Als die Franzosen bei uns einmarschiert waren, war das Thema Werwölfe ein paar Wochen lang groß. Die Franzosen hatten große Angst davor und kamen in die Schulen, die schnell wieder funktionierten. Ein paar alte eingefleischte Nazis hatten vielleicht eine vage Hoffnung, es könnte sich vielleicht doch noch was tun. Der Einzige in Waldsee, der in dieser Richtung dachte, war der Besitzer des späteren Elektroladens beim Wurzacher Tor, hinter der Bäckerei Gueter. Selbst der hat schnell eingesehen, dass es dazu nicht mehr kommt. Er wurde aber von mindestens vier Männern dauernd bewacht. Über das Thema Werwölfe haben wir nur gewitzelt.

Nach dem Krieg gab es eine Zweitwährung, das waren Zigaretten. Für Zigaretten hat man alles erhalten. Man hätte meinen können, sie wären wertvoller als Gold. Und weil Tabak so rar war, hat man überall Ausschau danach gehalten. Selbst die Kippenstummel waren noch umtauschwürdig. Es hat uns junge Burschen überhaupt nicht gefallen, dass vor allem ältere Männer sich so selbst herabwürdigend verhielten und quasi den Dreck auf der Straße auf lasen.

Vorher waren die Deutschen eine Herrenrasse, jetzt spielten sich die Franzosen (Besatzer) so auf. Sie zündeten eine Zigarette an und warfen sie weg. Dann stürzten gleich die in der Nähe stehenden Männern darauf. Wenn wir das sahen, haben wir die Kippe so zertreten, dass sie nicht mehr zu gebrauchen war.

Zigaretten in der Packung wurden „Aktive“ genannt und die anderen waren „Selbstgedrehte“. Jeder hat in seinem Garten Tabak angebaut – das Kraut hieß dann „Siedler-Stolz“.

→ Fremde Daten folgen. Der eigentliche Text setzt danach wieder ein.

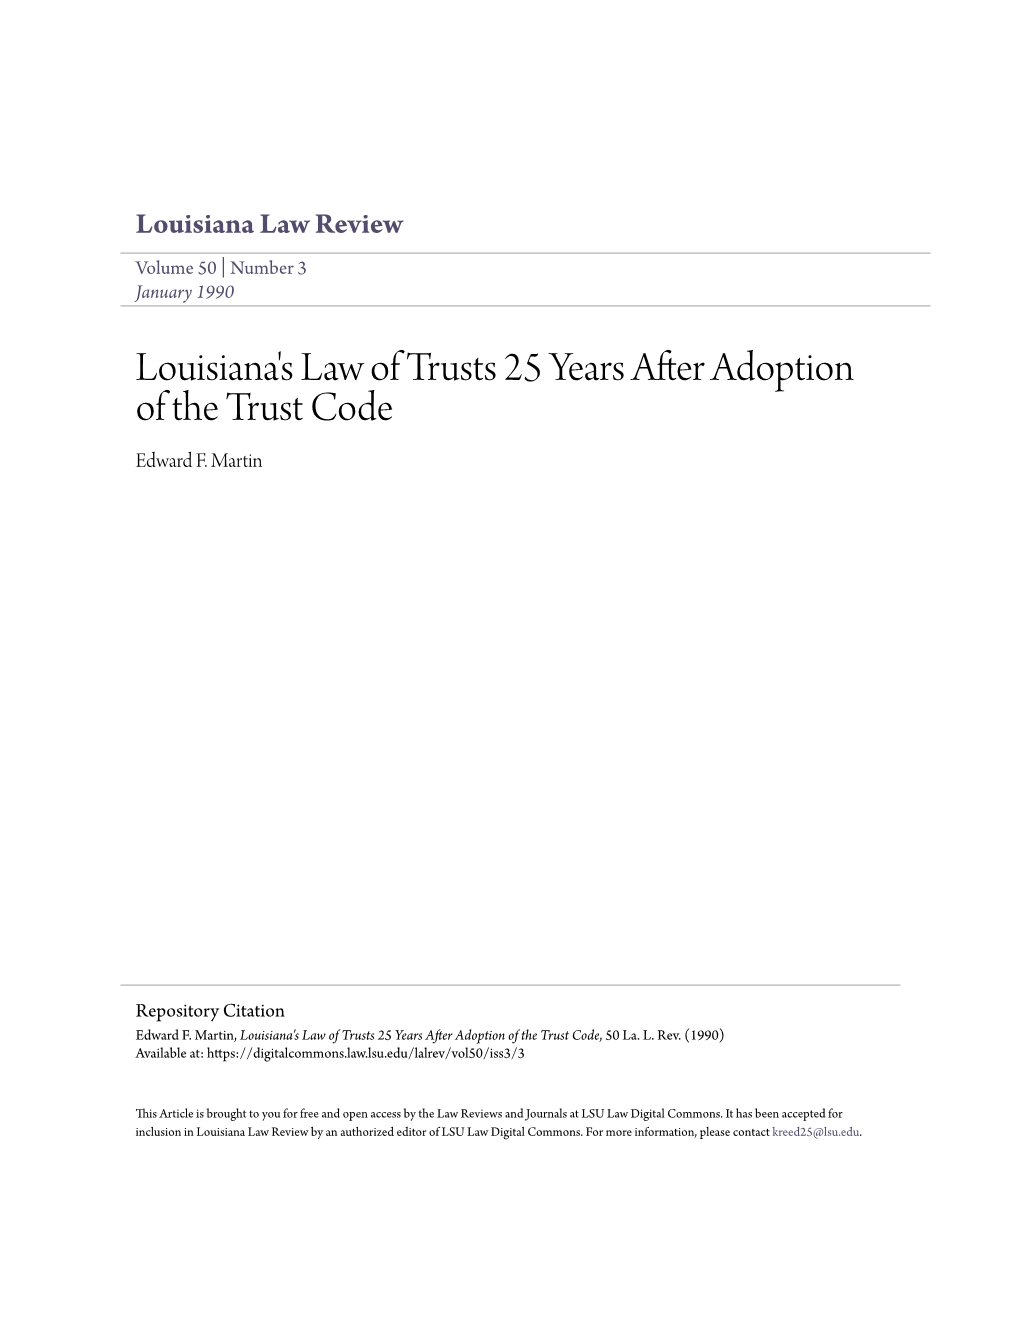 Louisiana's Law of Trusts 25 Years After Adoption of the Trust Code Edward F

Die Offiziere der französischen Armee brauchten ja Raum zum Wohnen, also gingen sie auf die Suche. Wenn ihnen eine Wohnung gefiel, mussten die Leute darin ausziehen – binnen einer halben Stunde oder weniger mussten sie alles nötige zusammenpacken. Aber keine Gabel, kein Messer oder ähnliches durfte mitgenommen werden. Es musste alles so bleiben wie bisher.